We didn’t earn in Year 5 what we earned in Year 1.
Those two things may be but a glimmer of hope for those out there that are already stuck with a debt:income ratio of >2 and feeling a bit hopeless.
Wow! I wrote an article mentioning student loans and didn’t plug my refinancing partners in it? That might be a first.
I agree if you are going to pay off your loans that you should finance them early and often.
Here are my recommended resources: https://www.whitecoatinvestor.com/student-loan-refinancing/
I also agree that debt to income ratios aren’t static.

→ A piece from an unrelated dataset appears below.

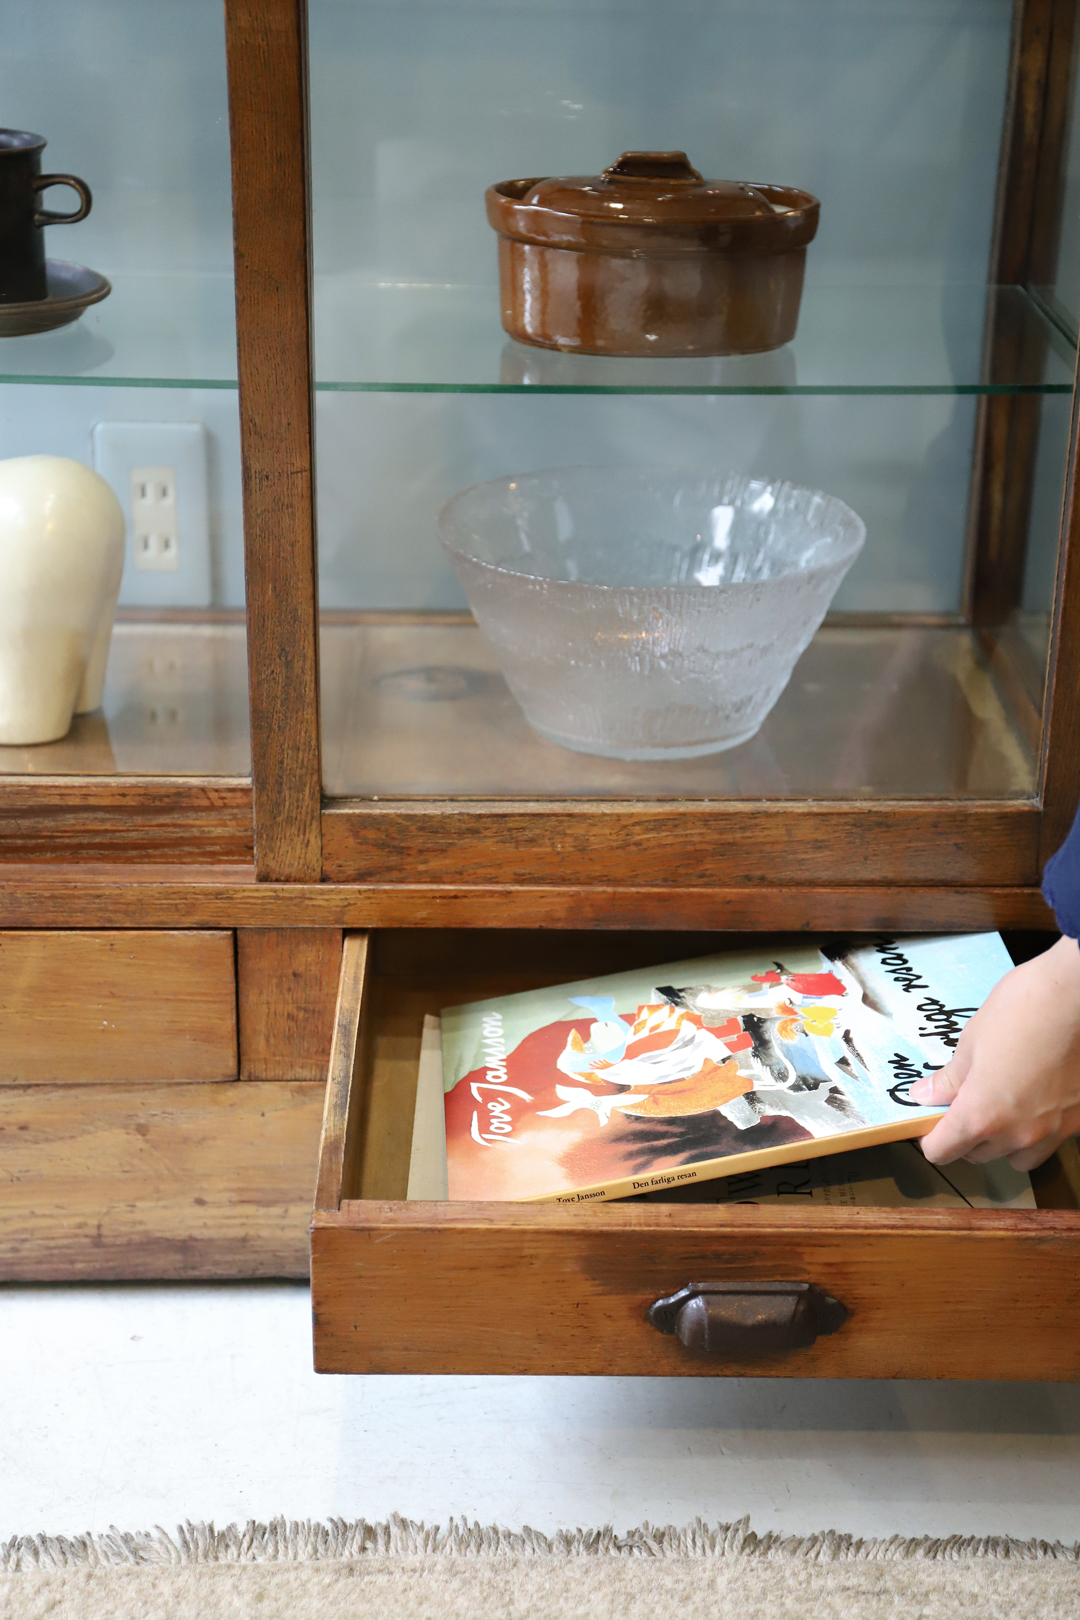 Japanese Vintage Glass Show Case/ジャパン ヴィンテージ ガラスショーケース 古道具 昭和レトロ モダン

Great post. Unfortunately the reality of paying down your student debts has become an incredibly complicated situation with the prospects of PSLF. Lots of opportunity for moral hazard if you try to game the system with loans in professional school, then if you end up with the big debt load but don’t do academics you’re stuck with the check. Not a huge deal if you’ve been investing the difference, but we all know the downfall of behavioral economics.
I certainly won’t begrudge anyone who eventually benefits from PSLF. If it works out that I pick an academic job and have some loans forgiven after 10 years I’ll be doing it myself. But it seems like such an incredibly perverse incentive to dangle fat stacks of debt in front of students, show a potential carrot of magically forgiving them after 10 years, then hitting the labor force and realizing qualifying jobs are either not what they are cracked up to be or not as plentiful as you thought. I prefer a world where reducing the loan burden is always the right choice.
Agreed. The problem is the tuition bill, not the loans to pay it.
Is anyone influential to teenagers asking them to be aware of this issue of debt to earnings? If only this was the mantra of Cardi B and Post Malone we might see a change.